• _Task instructions_
Repeat, line for line, only the span that opens at the "Customer packing using" line and closes at the final line below. Skip the pictures.

• _Material provided_

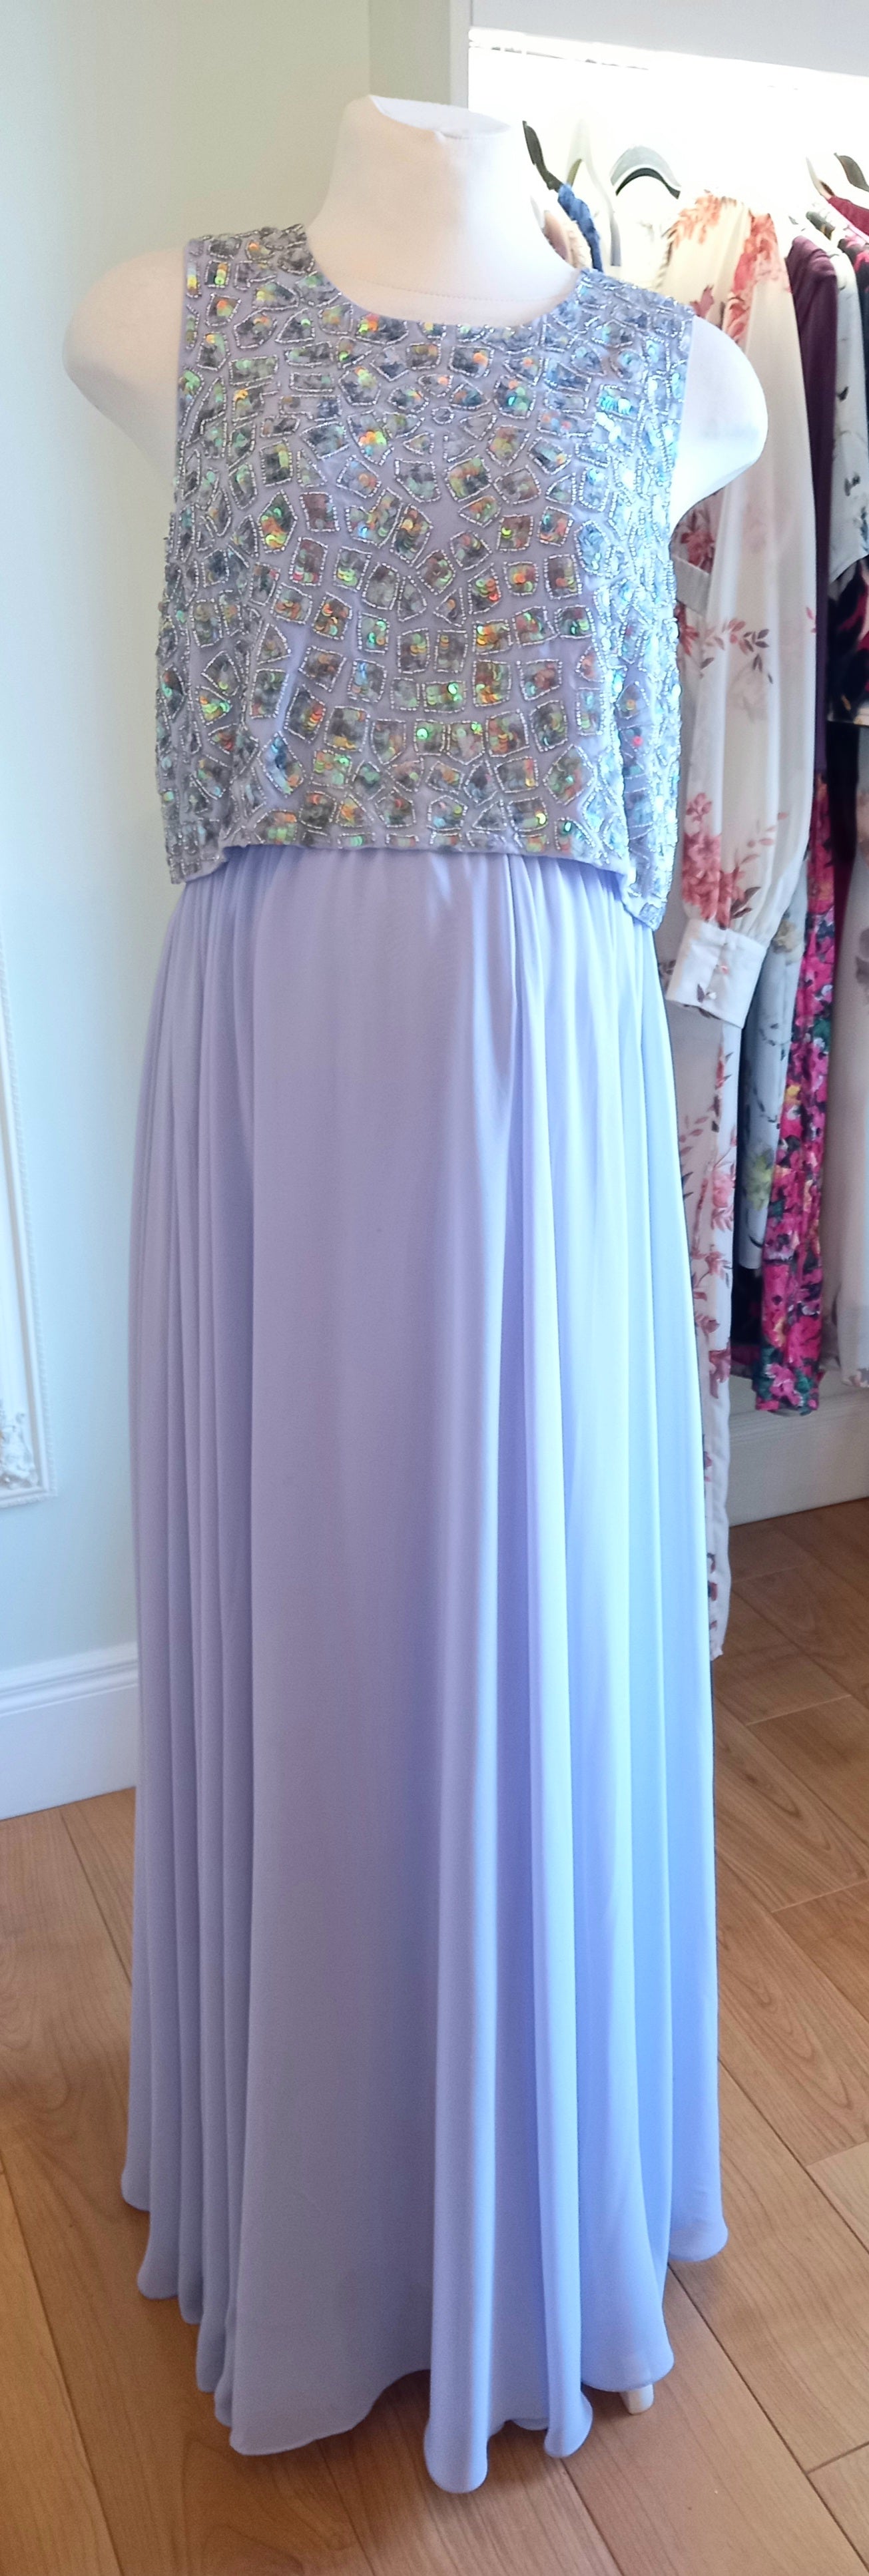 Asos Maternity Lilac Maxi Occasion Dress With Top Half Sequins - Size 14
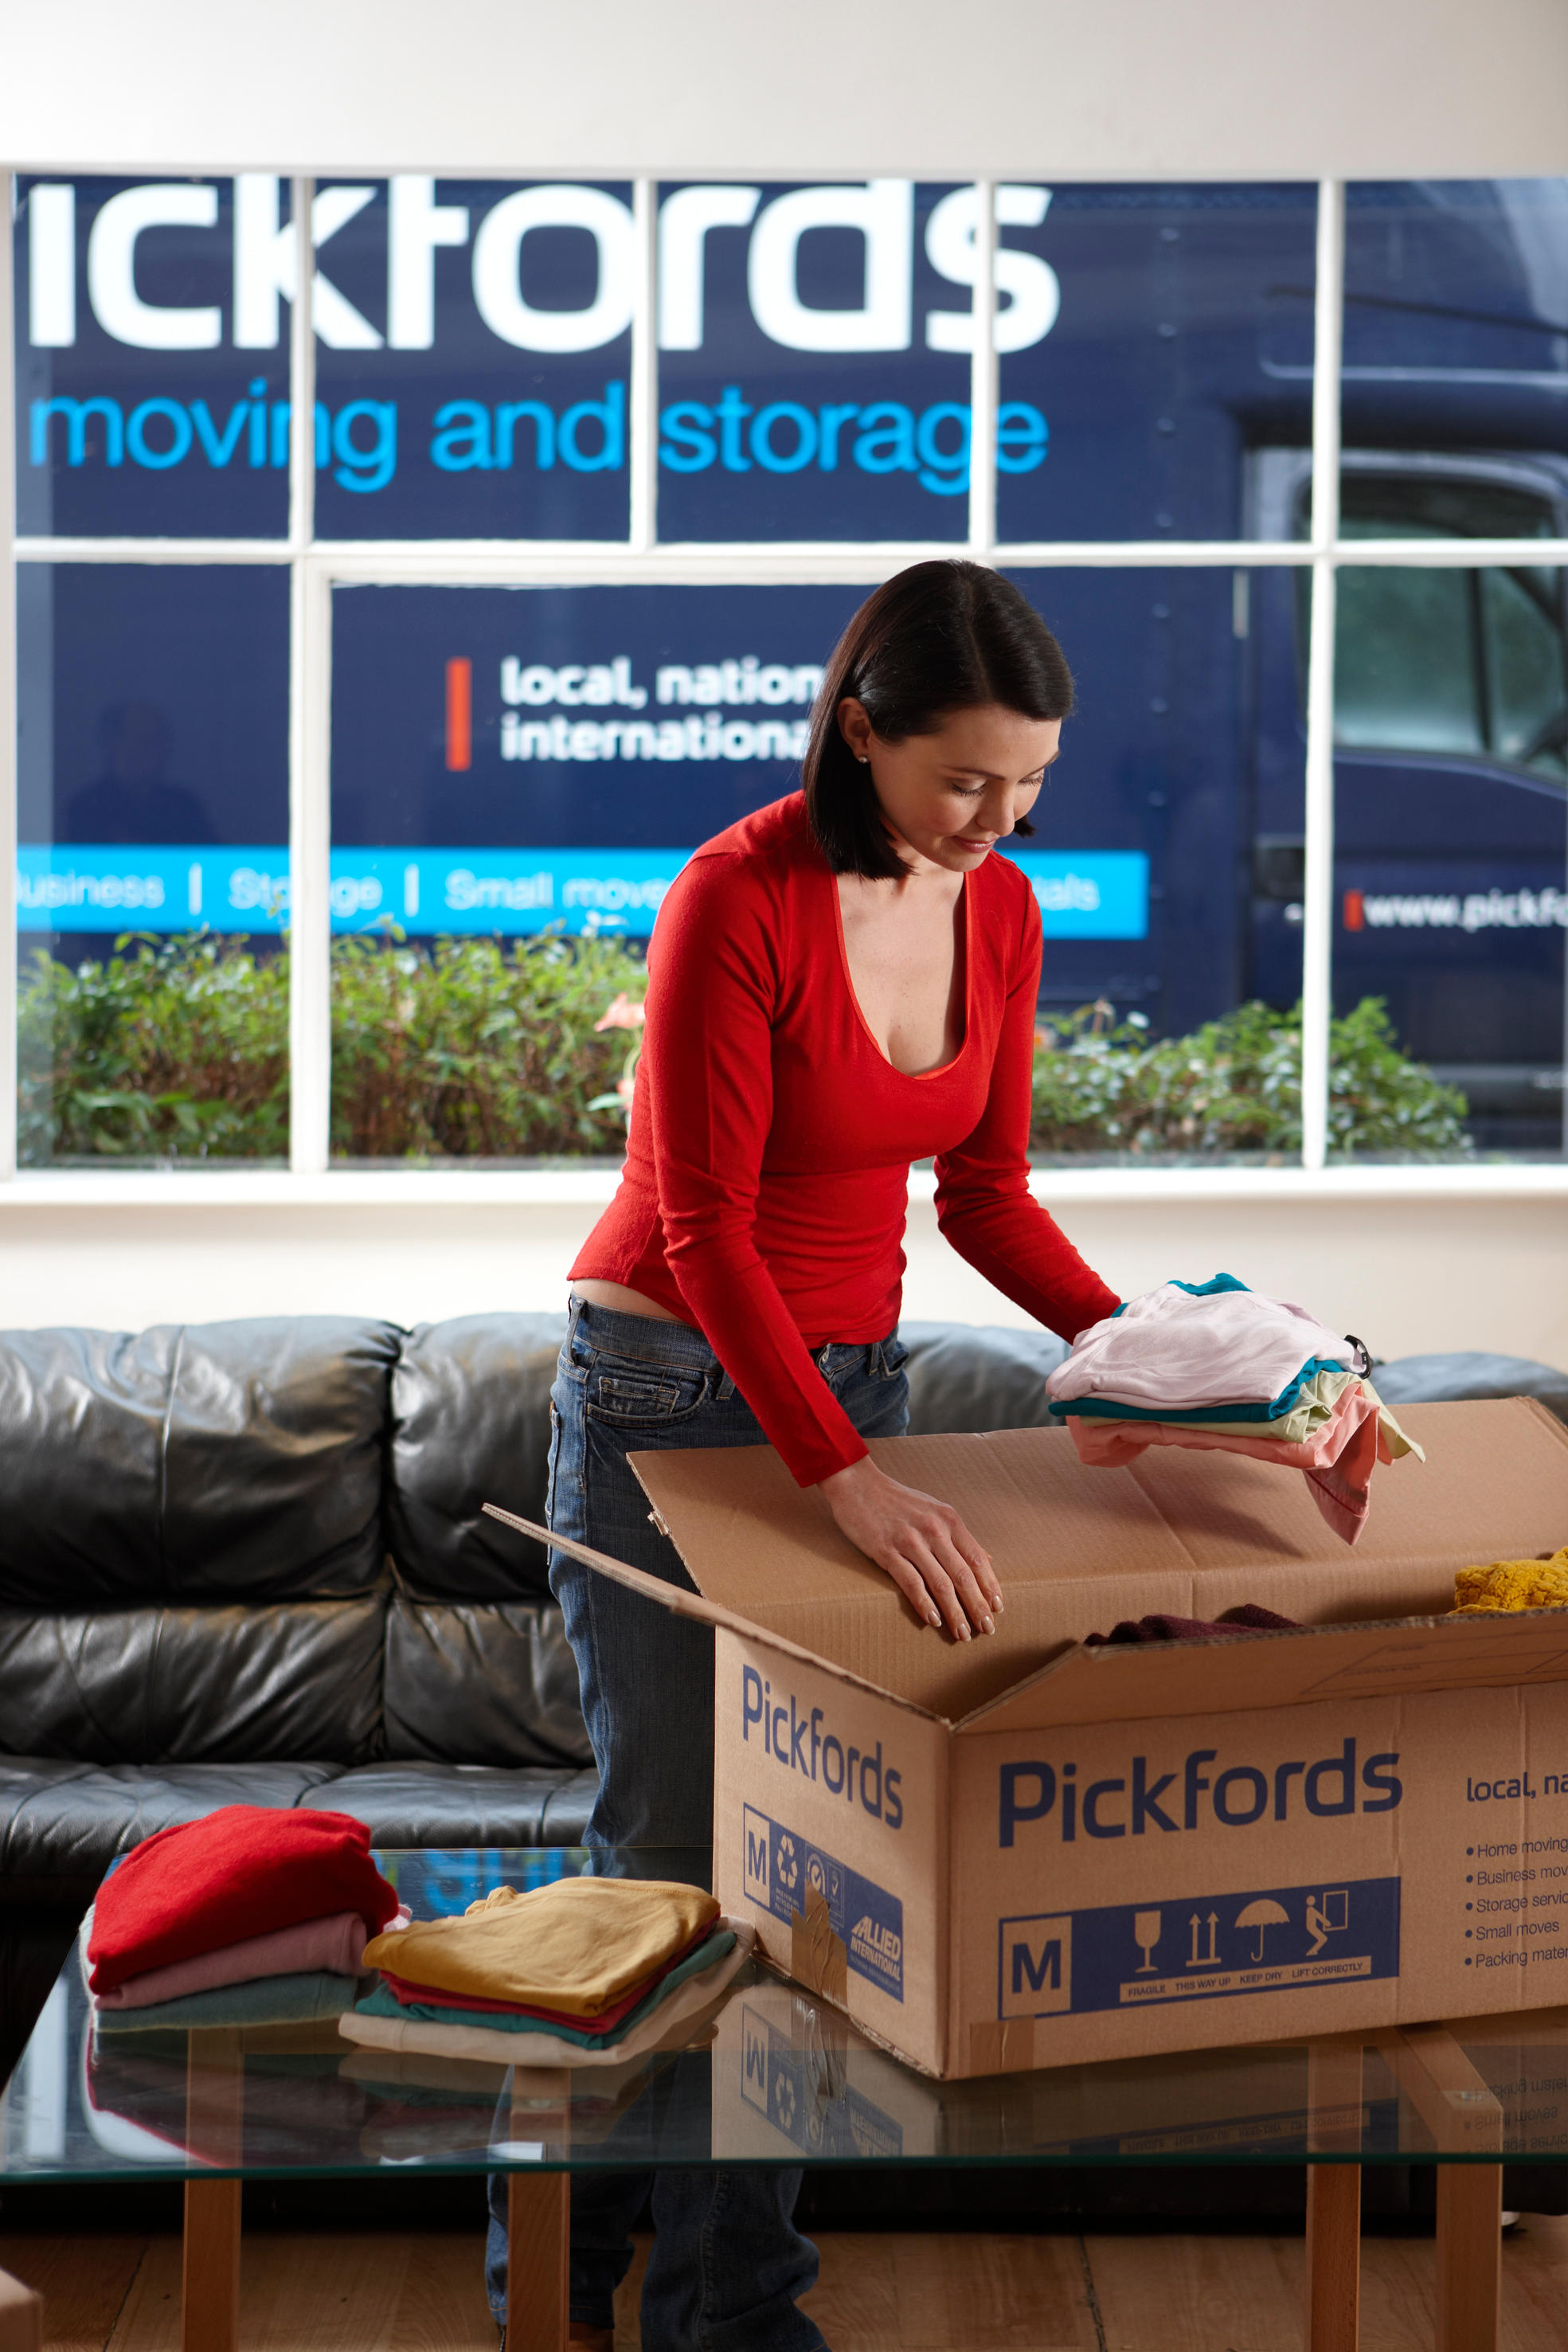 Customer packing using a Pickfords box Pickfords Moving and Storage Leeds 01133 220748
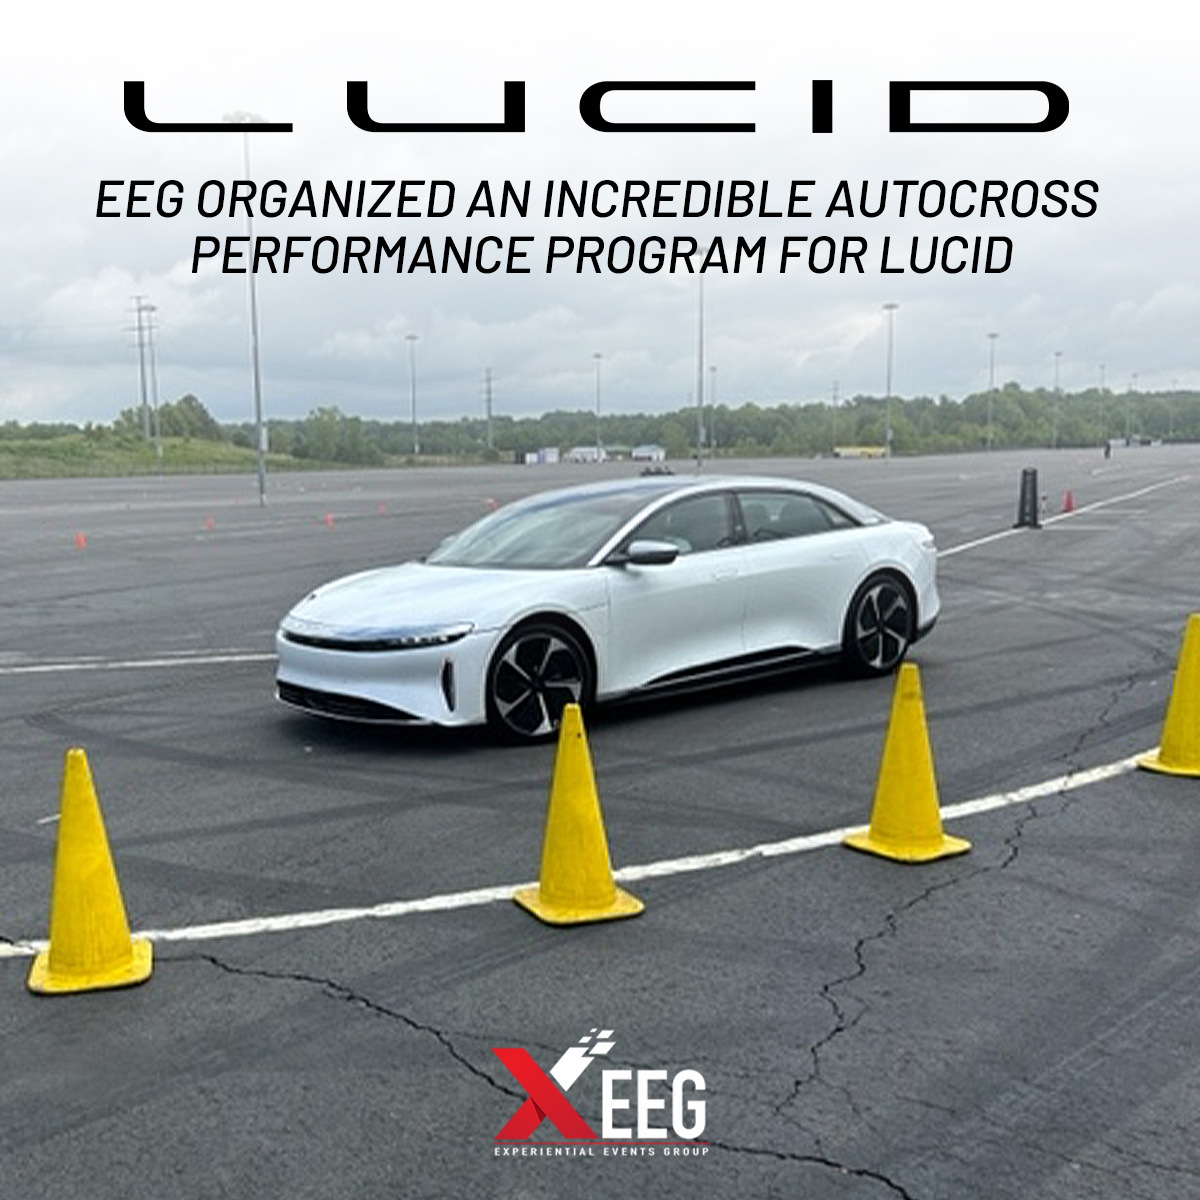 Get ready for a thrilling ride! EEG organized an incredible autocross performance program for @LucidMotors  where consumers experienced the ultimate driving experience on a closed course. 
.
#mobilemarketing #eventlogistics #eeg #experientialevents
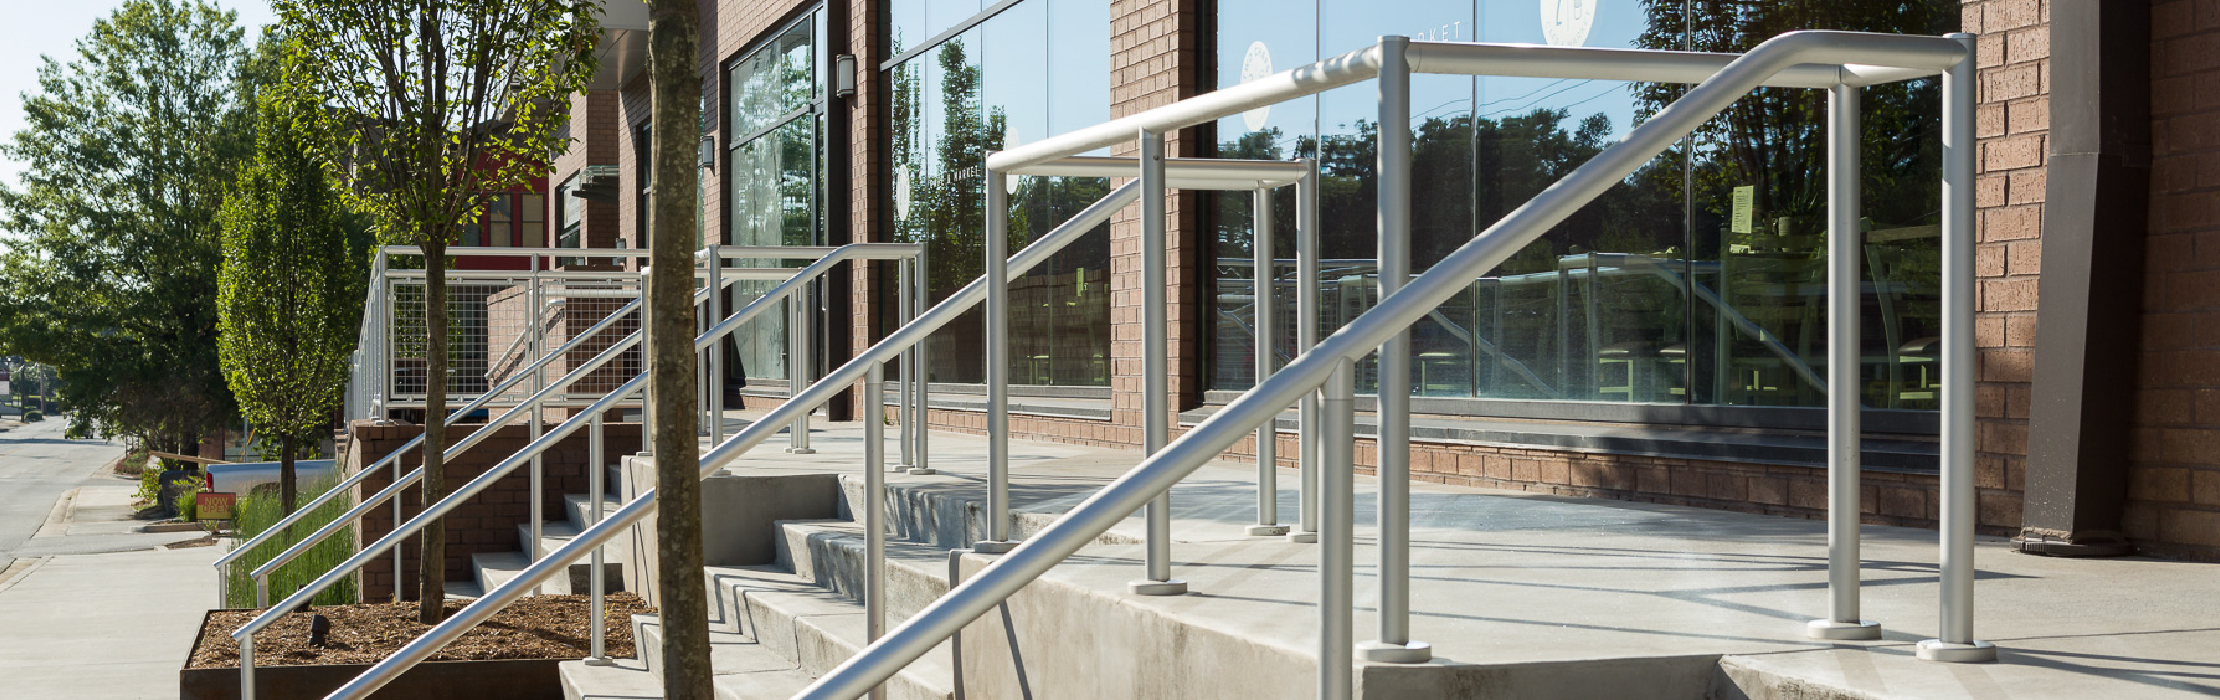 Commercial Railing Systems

• _Response_
 Customer packing using a Pickfords box Pickfords Moving and Storage Leeds 01133 220748
 Get ready for a thrilling ride! EEG organized an incredible autocross performance program for @LucidMotors  where consumers experienced the ultimate driving experience on a closed course. 
.
#mobilemarketing #eventlogistics #eeg #experientialevents
 Commercial Railing Systems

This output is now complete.